7 Mistakes to Avoid When A/B Testing Email Campaigns
To help you avoid common pitfalls in A/B testing email marketing campaigns, we’ve gathered insights from seven industry professionals, including directors and founders. From avoiding changing multiple variables simultaneously to limiting wholesale adjustments, these experts share the top mistakes to steer clear of for successful campaign testing.
- Avoid Changing Multiple Variables Simultaneously
- Consider Audience Behavior and Seasonal Effects
- Account for Timing in Email Campaigns
- Steer Clear of One-Variable Dependence
- Don’t Direct All Traffic to Same Page
- Allow Sufficient Time for Testing
- Limit Wholesale Adjustments
Avoid Changing Multiple Variables Simultaneously
One critical mistake to avoid when A/B testing email marketing campaigns is changing multiple variables at once. Early in Click Intelligence’s journey, this error was made during a campaign. Both the email subject line and the call-to-action (CTA) button color were altered for the A/B test. When a significant difference in open and click-through rates was noticed, it was puzzling. Was the change due to the subject line, the CTA button color, or a combination of both?

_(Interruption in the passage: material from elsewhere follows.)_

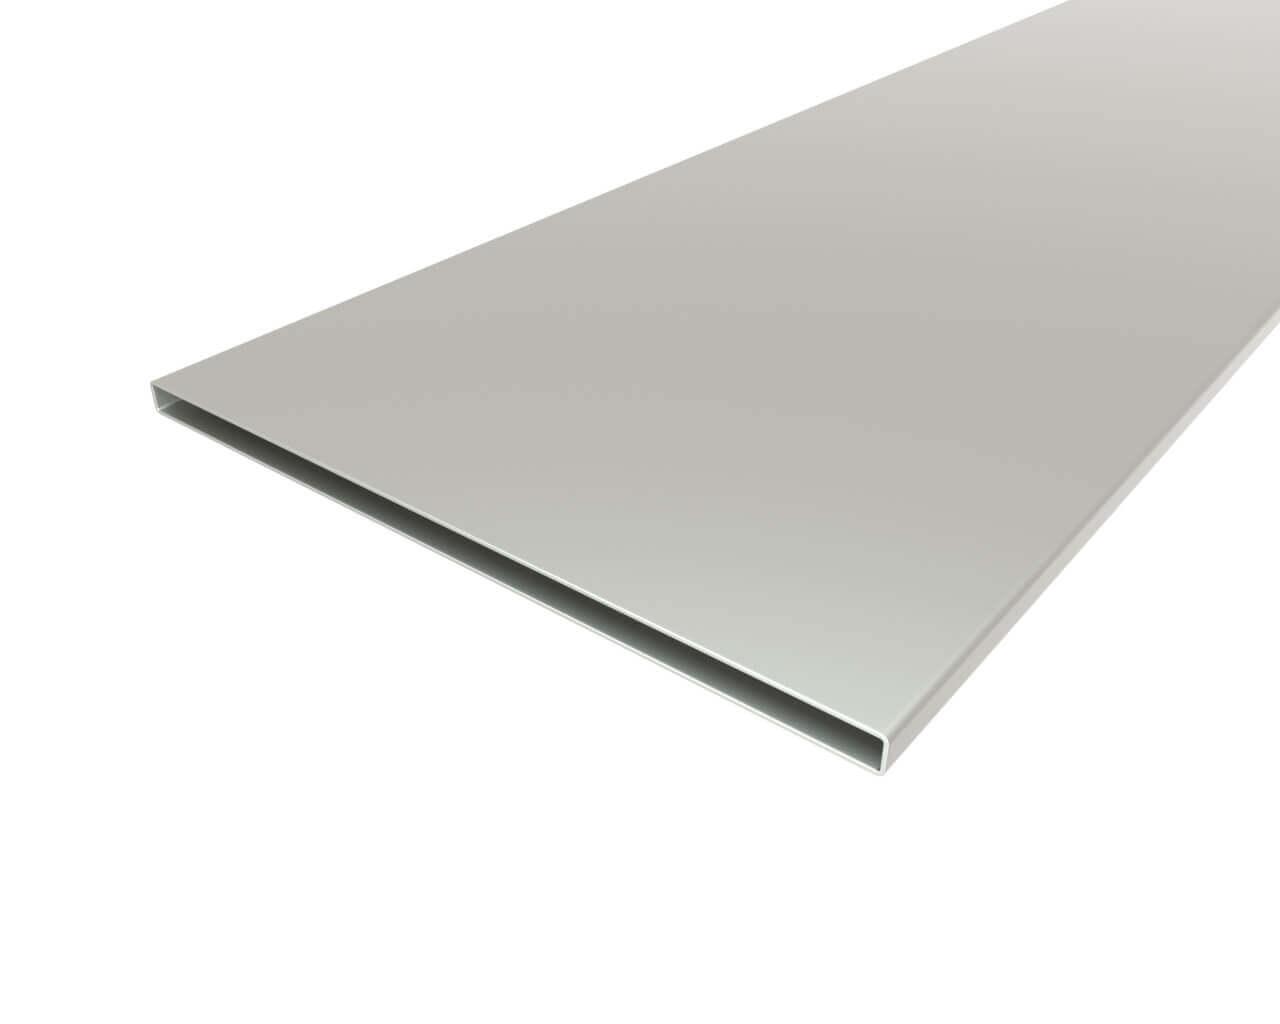 Алюминиевая пластина для ленты LC-AP-01640-2 anod<span class=

By adjusting multiple elements simultaneously, the waters of the test results become muddied, making it challenging to pinpoint which change influenced the outcome. For precise, actionable insights, always change one variable at a time. This ensures clarity in results, allowing for informed, data-driven decisions in future campaigns.
Consider Audience Behavior and Seasonal Effects
That one mistake is not considering the “time-sensitive nature” of your audience’s behavior and its impact.
Many experimenters send an A variant of the email on Monday and a B variant on Wednesday, which can impact the open rate. Not because there’s a problem with the content itself, but because people might be more receptive to emails at the beginning of the week, or perhaps they’re more active in the middle of the week.
Also, depending on your industry, there might be seasonal effects. Retailers experience this heavily around the holidays. If you test an email in December vs. January, user behavior might differ due to the holiday shopping mood in December.
Testing both email variants on the same day and time and repeating tests across varied periods for consistency is essential to overcome the time-sensitive issues.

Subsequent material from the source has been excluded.